Fidèle à son habitude, Micheluzzi interpelle son lecteur en usant de récitatifs qui sont autant d'interrogations existentielles. Tout est dit dans l'avant-propos : "On parle des autres mais on ne fait que parler de soi"
La fascination de l'auteur pour la geste héroïque et misérable des conflits du vingtième siècle éclate ici à grand renfort d'actions dramatiques et de sentiments bafoués. Evasions, retrouvailles et séparations, les coups de théâtre se succèdent, et renvoient, par leur alternance de rythmes linéaires puis accélérés, au Docteur Jivago de Boris Pasternak, au Raspoutine de Hugo Pratt et à L'Homme de Pskov de Guido Crepax. Toutes ces publications antérieures (Sibérie est paru en 1989 dans la revue Corto Maltese, album Casterman 1991) nourrissent la narration et le graphisme de Micheluzzi. La finesse et l'élégance de son trait tempèrent la brutalité du récit. Il manie les codes de la bande dessinée d'aventure avec brio, jusqu'à inventer des onomatopées d'une criante vérité, à l'exemple de la vapeur d'une locomotive à l'arrêt qui fait Tunf-Tunf et Chouf-Chouf en marche. Une bande-son d'une justesse absolue qui dynamise le sage classicisme des découpages. Les dialogues, souvent poignants, animent le moindre protagoniste d'une touche d'authenticité.
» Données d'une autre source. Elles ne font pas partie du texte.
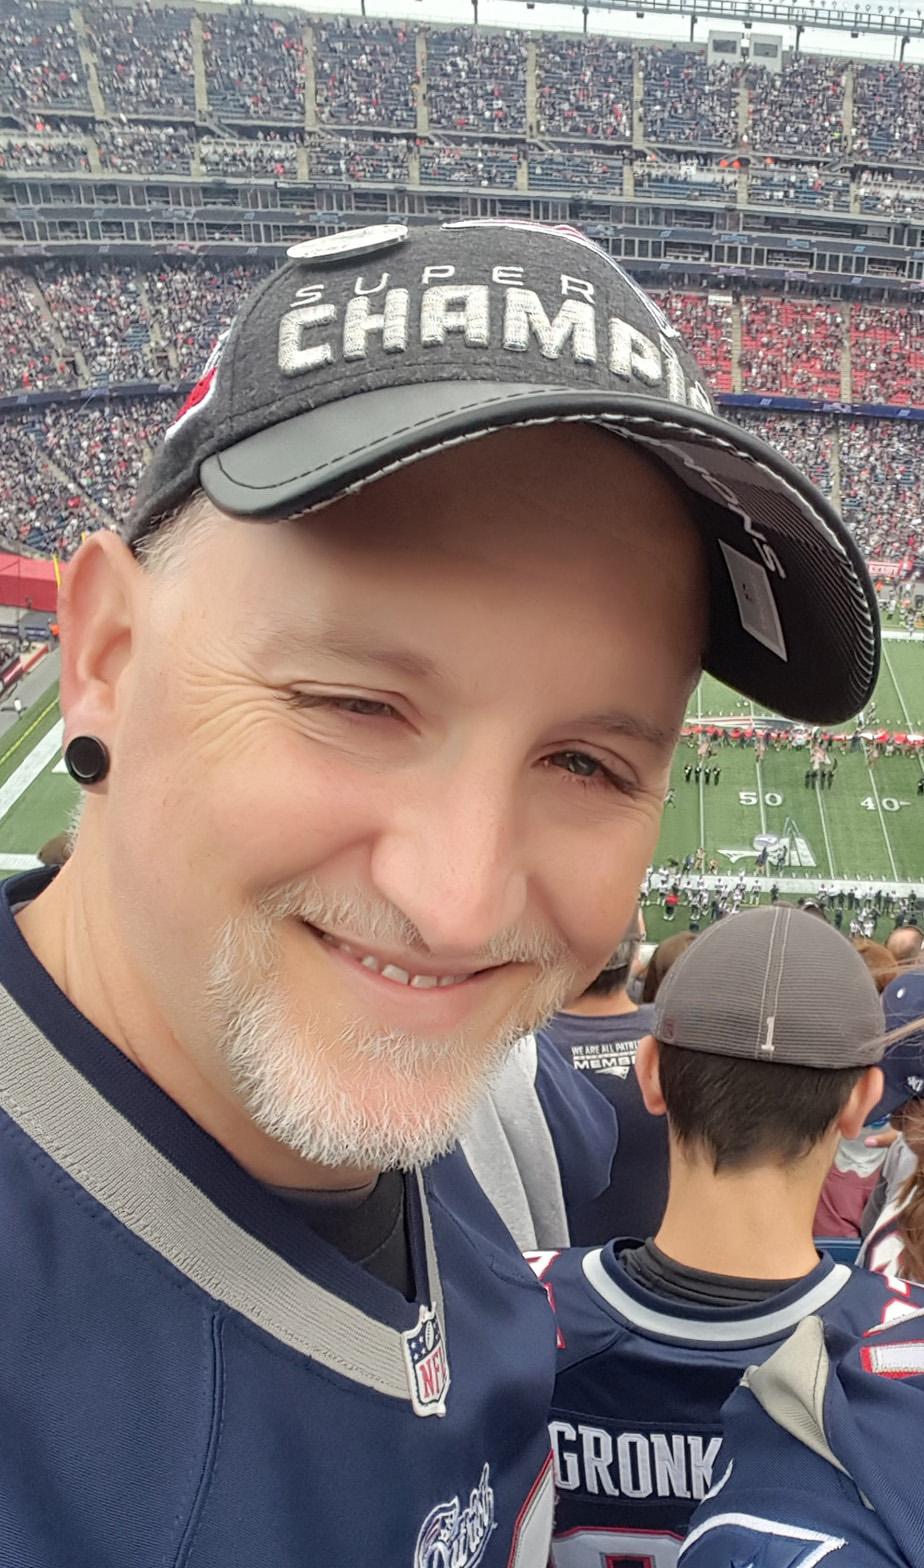 Steve patriots headshot.jpg

Si d'emblée nous connaissons le sort du Comte Lazarev, Micheluzzi ménage des rebondissements constants et mène son lecteur au rendez-vous ultime en préservant malgré tout une part de suspense. Le choix du noir et blanc densifie l'arrière-plan historique et donne sa vraie couleur au pessimisme ambiant. Oui, cette histoire glacée comme le cœur du héros inconstant est bien une tragédie.